In an effort to attract the most qualified employees, employers sometimes make promises that they cannot keep. But what may once have been considered harmless exaggeration by employers can now be the basis for a costly lawsuit. Several recent cases have held that employers can be liable for fraud if their representations about a job do not pan out.
Overstating earning potential costs employer over $1.2 million
In a recent case, an employer that overstated an applicant’s earning potential was hit with a $1.2 million damage award. The employee in that case earned $5,800 to $5,900 a month at his old job. He applied for a new job and, during the interview, told the employer that he needed to earn at least $5,700 a month. The employer then pulled out a financial statement, made some calculations, and stated that if the employee had been with the company between January and September of 1999, he would have made $70,000 (which would have been well over $5,700 a month). Based on this representation, the employee accepted a position with the new employer and quit his old job. In his first three months of employment, however, his monthly paychecks amounted to $4,400, $5,100, and $4,800 respectively. The employee complained but received no response, and shortly thereafter was fired. Although he re-applied for a job with his old employer, it had a strict no-rehire policy. He eventually found another job that paid less than $4,000 a month.
The employee sued for fraud, arguing that the employer falsely promised him a salary of at least $5,700 per month, and that he left his old job in reliance on that promise. The jury agreed with the employee and awarded him $490,913 in economic damages, $50,000 for pain and suffering, and $1.5 million in punitive damages, which the trial court later reduced to $675,000. In upholding the jury’s decision, the appellate court noted that the employee was entitled to recover the income he lost when he left his old job in reliance on the employer’s false promise about salary, so long as such damages were not speculative or remote.

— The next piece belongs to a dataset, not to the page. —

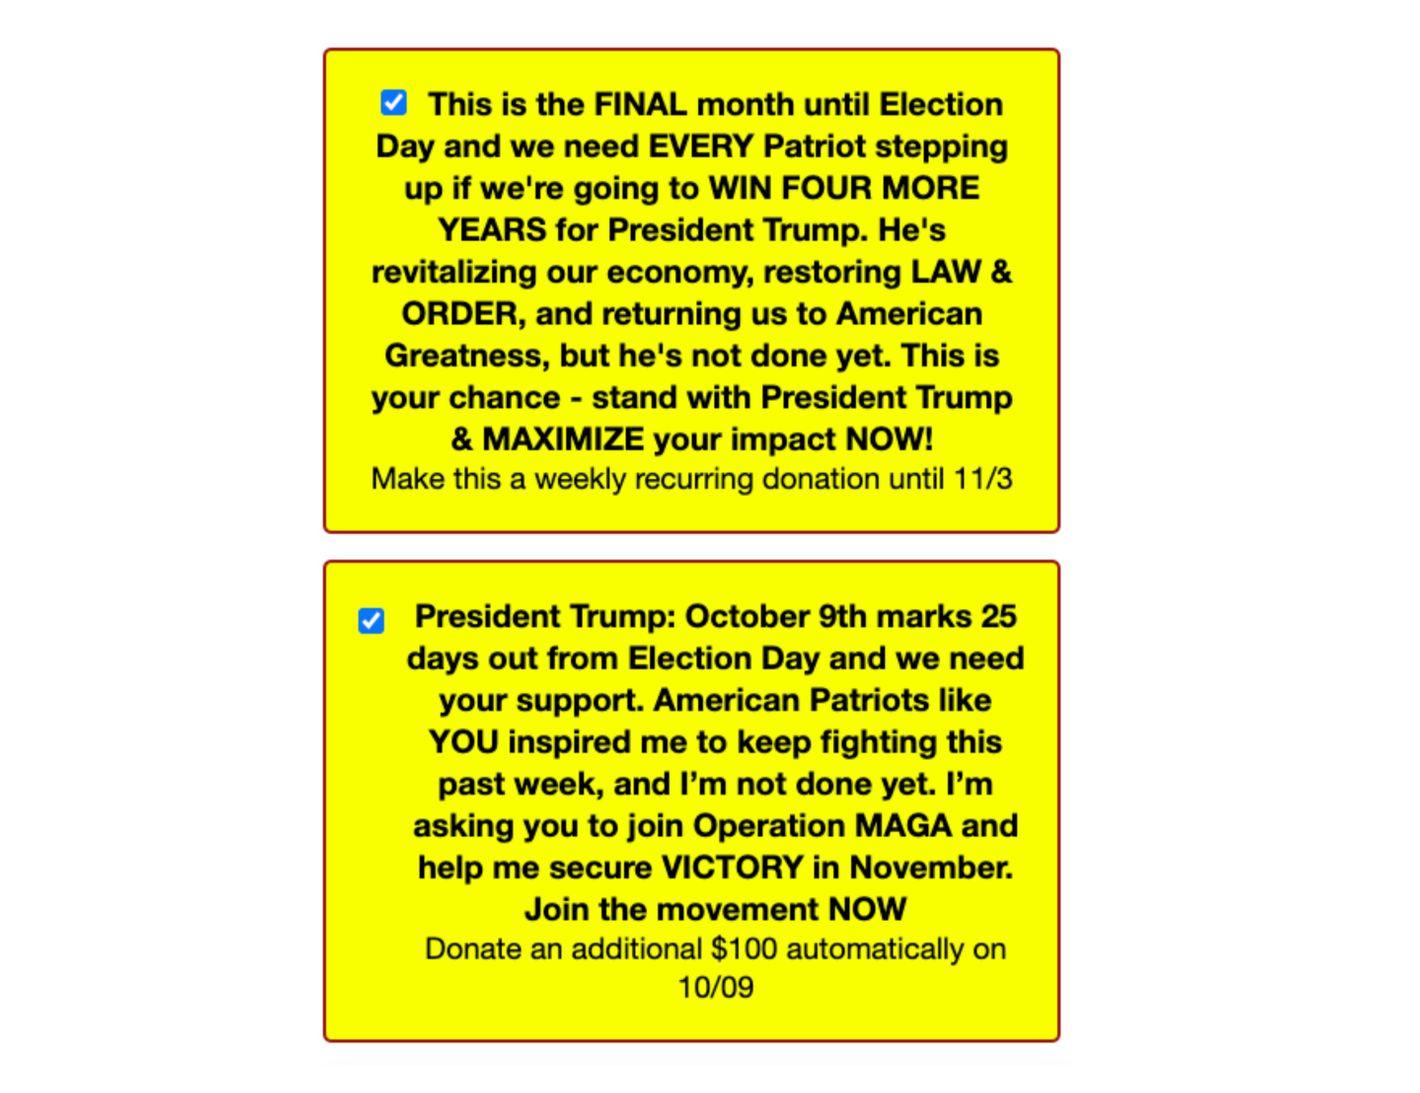 028e3fc8cc19458ea834acd093e20fd3a6-trump-campaign-fine-print-screenshot-nyt.2x.w710.jpg
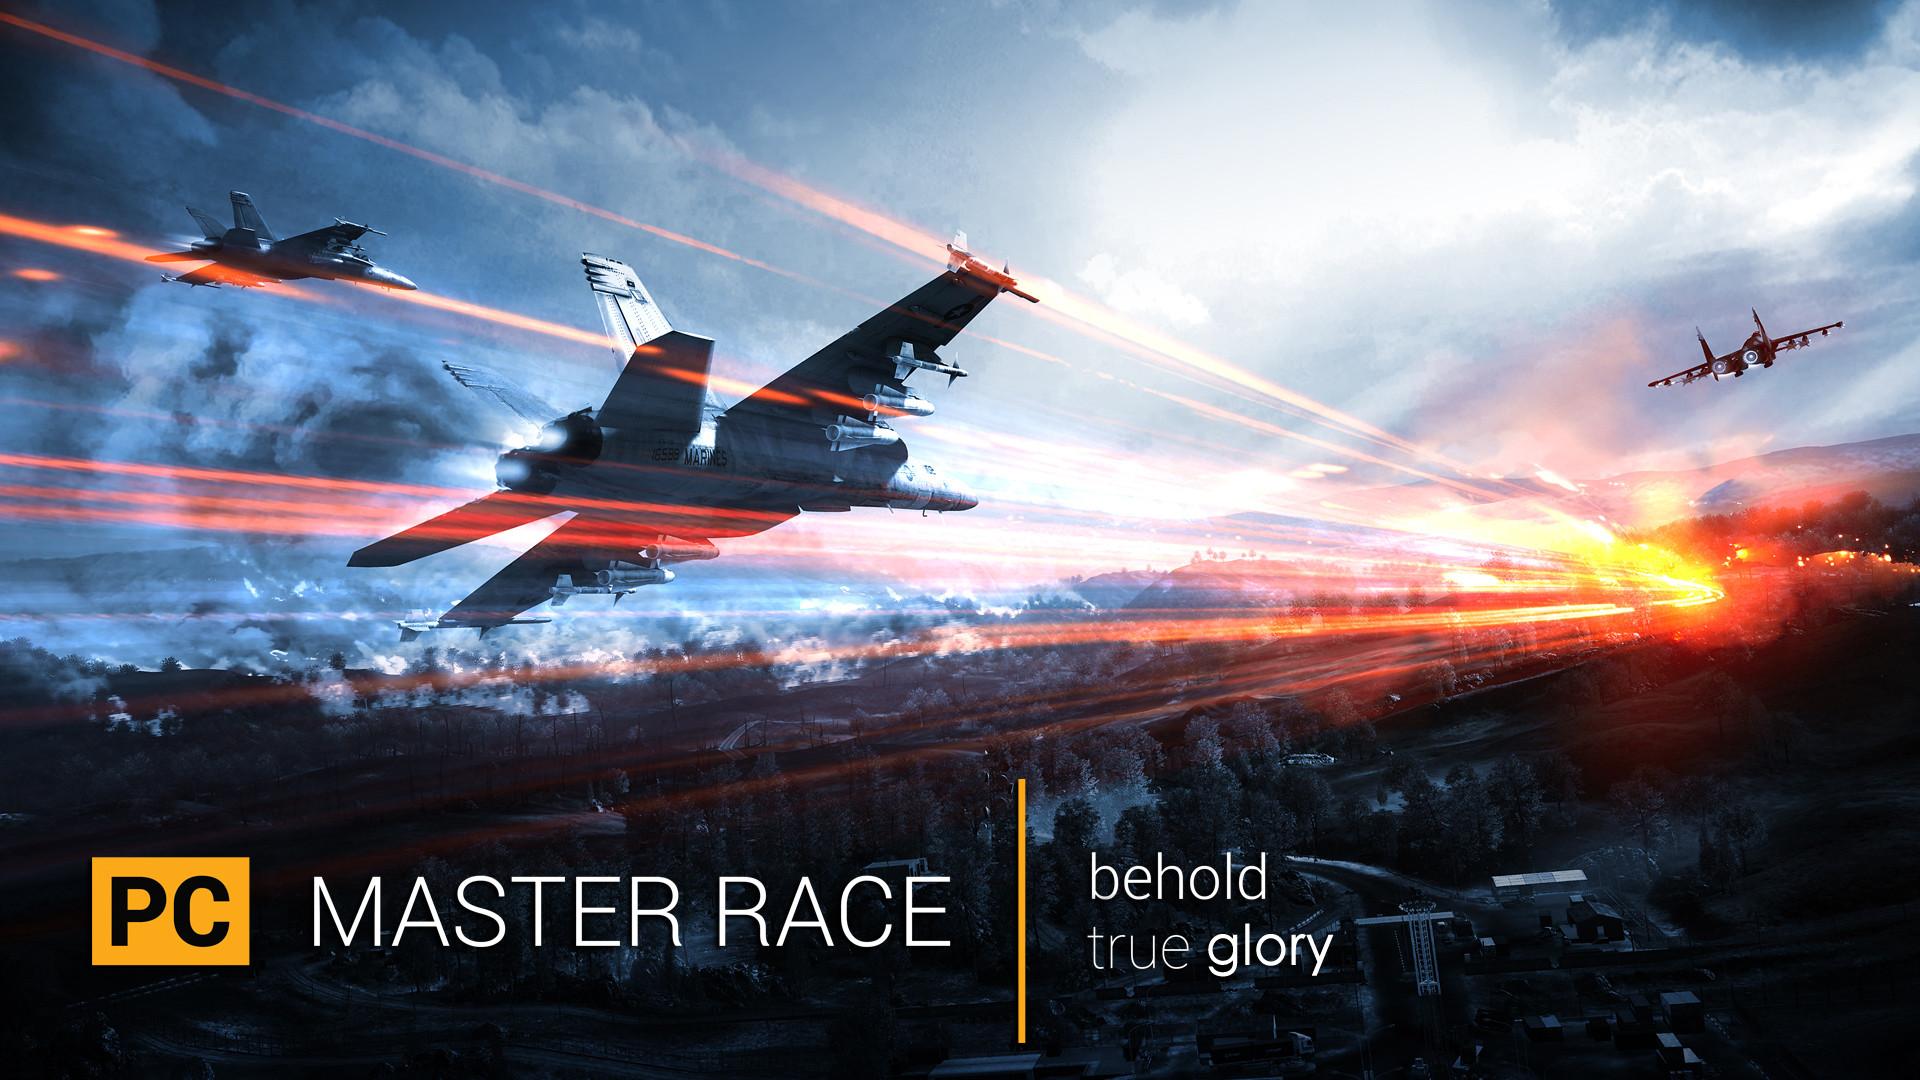 Pc Master Race Wallpaper 4k

Employer can be liable if it overstates job security
In another case, an employee claimed he was induced to leave a steady job in New York for a new job in California based on false promises of job security. The employee earned $120,000 a year in New York as the president of a small family-owned company. He was actively recruited by a California company that wanted him to accept a job as its general manager. During the recruitment process, the employee told the employer he was concerned about giving up a secure job and moving his family across the country. He asked the employer to assure him that his job would be secure. In response to these concerns, the employer told him that he would continue to be employed so long as he performed his job well and achieved certain goals. The employer also told the employee that that the company was strong financially and that it anticipated solid growth and a stable and profitable future. The employee ultimately accepted the new position and moved his family to California.
Approximately two years later, the employee was terminated. He was told that his job was being eliminated because of a management reorganization, and that the termination had nothing to do with his performance. The employee sued the employer for, among other things, fraud. The court found that the employee could state a claim for fraud if he could prove that the employer induced him to leave his job in New York by making promises that it knew it could not keep. The court also held that, if the employee could prove his fraud claim, he would be entitled to recover the costs of moving to California and the loss of job security and income associated with his former job in New York.
Tips to Follow
As these cases make clear, employers can be held liable if their representations to prospective employees later prove to be false. In order to avoid costly lawsuits, here are some tips to follow when interviewing employees and extending job offers:
• Provide training to interviewers so they do not misrepresent the employer’s financial condition or the applicant’s salary potential or job responsibilities.
• Review all job postings carefully to ensure that you are not making any unintended or unauthorized promises.
• Write down the terms and conditions of a prospective employee’s employment in a detailed offer letter.
• Use two interviewers at once, since this provides an employer with a witness if a dispute later arises.
The bottom line: Do not make promises you cannot keep.